Do you drink coffee? If so, you might lose the benefits of creatine loading. A recent double-blind study confirms creatine’s efficacy as a bodybuilding supplement but gives a strong caveat to coffee drinkers.
Nine active men (ages 20-23) took eight doses of 5 grams of glucose placebo, creatine monohydrate or creatine plus caffeine in successive six-day treatments. Caffeine was given after breakfast as a 400-mg capsule. The three treatments were presented in random order separated by three-week washout periods. Subjects were fed standardized diets during the study and the four days before it. After the test subjects had loaded up on creatine for six days, their muscles became enriched with extra phosphocreatine, an effect that wasn’t diminished by co-administration of caffeine. Predictably, the glucose placebo didn’t increase muscle phosphocreatine levels.
At the beginning and end of each six-day treatment, knee extensor strength was tested using a dynamometer. Maximal isometric strength wasn’t significantly improved by creatine, supporting some previous studies that suggest no benefit of creatine for brief, maximal exertions but contradicting other studies that suggest just such a benefit. When test subjects performed intermittent sets of 10, 20 or 30 leg extensions, creatine loading increased performance (dynamic torque) 10%-23%, while the placebo had no effect. This confirms previous research showing performance-enhancing effects of creatine loading on intermittent, bodybuilding-type exercise.
Creatine’s ergogenic benefit was increasingly blunted from set to set when subjects took too little rest (20-60 seconds) between sets. The ergogenic effect returned when a longer rest interval (two minutes) was allowed; it takes time for creatine to he recharged with phosphate (creatine is only half recharged after one minute).
Although creatine alone clearly improved quadriceps performance, the combination of creatine plus caffeine wasn’t significantly better than a placebo. Apparently, caffeine neutralized the ergogenic benefits of creatine without blocking the rise in muscle phosphocreatine levels. The effect wasn’t due to any performance-lowering effect of caffeine; the last caffeine dose was given 20 hours before the dynamometer testing and caffeine isn’t believed to reduce performance.
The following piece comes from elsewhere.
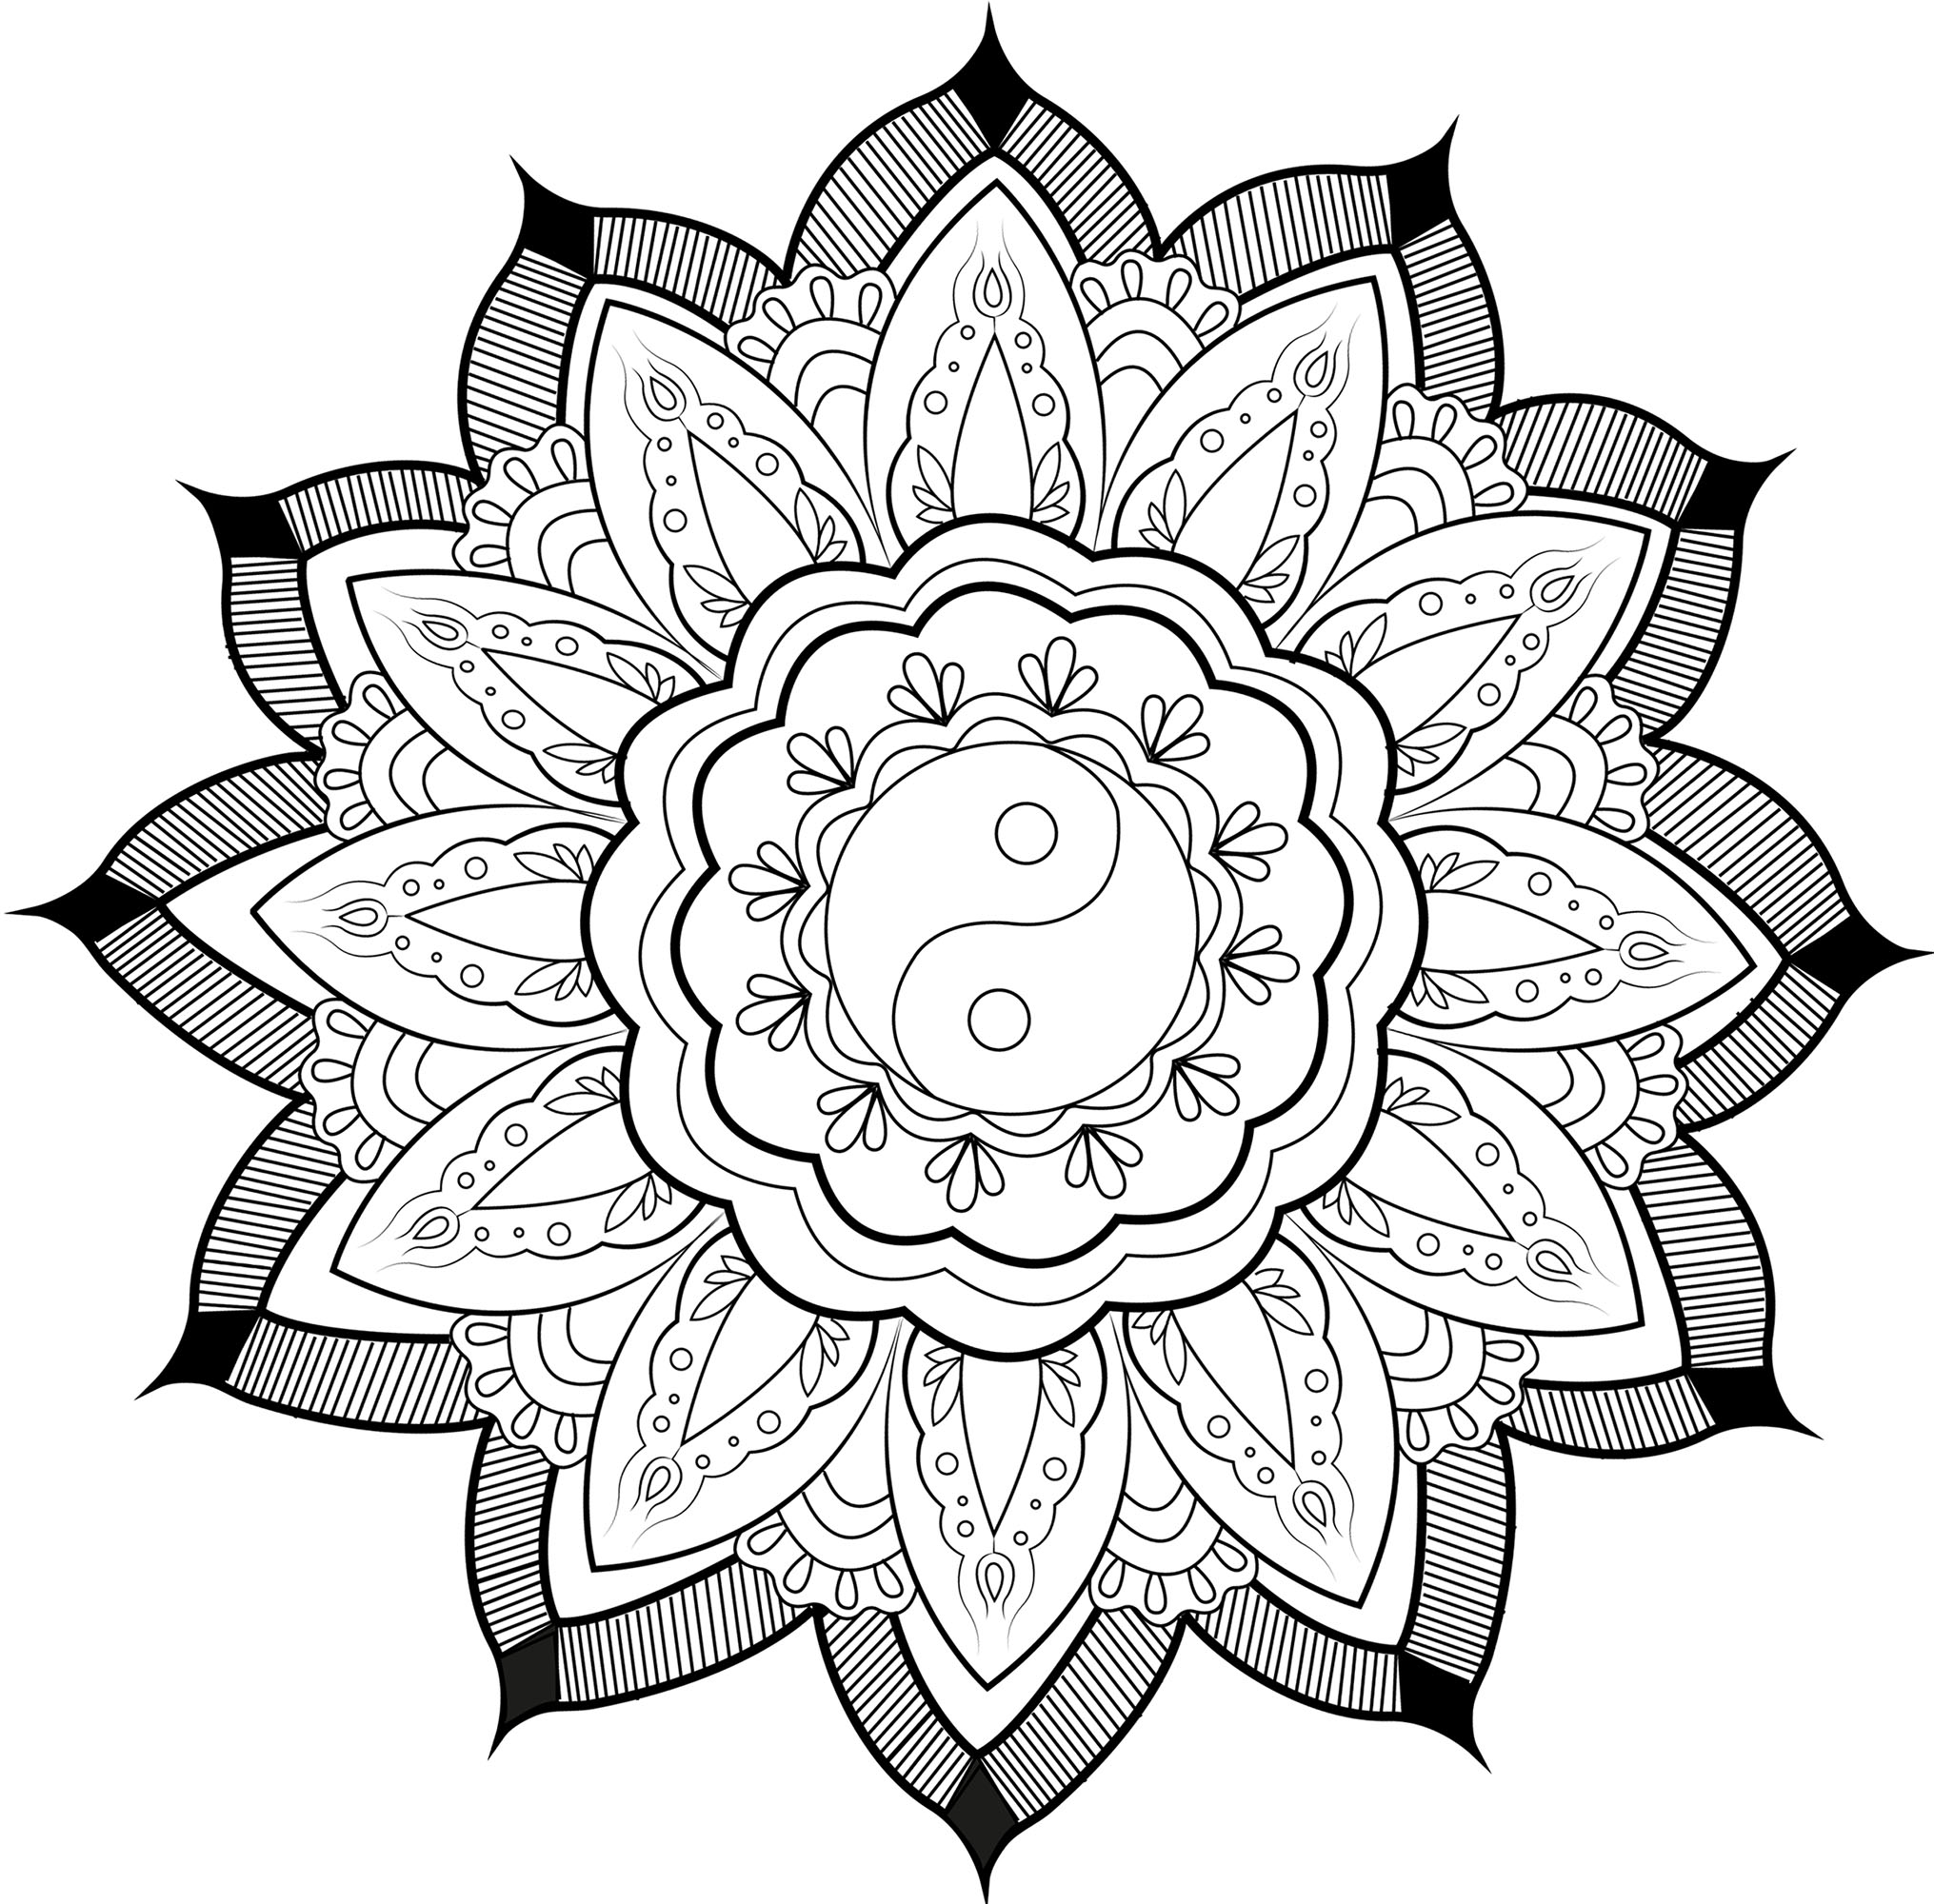 Hübsches Mandala mit einem Yin & Yang-Symbol in der Mitte und hübschen Blättern, die es umgeben.

These study results suggest that anyone wanting the full benefit of a creatine-loading regimen is wise to avoid coffee and other concentrated sources of caffeine. The dose of caffeine used in the study, 400 mg, is about the amount contained in 32 cups of drip or brewed coffee or six cups of instant coffee. Drinking more than two cups of brewed coffee a day is likely to reduce the benefits of creatine loading. More moderate consumption of low-caffeine beverages such as tea or cola is apparently permissible; a tea solution (about 30 mg of caffeine) used in early creatine studies showed good results.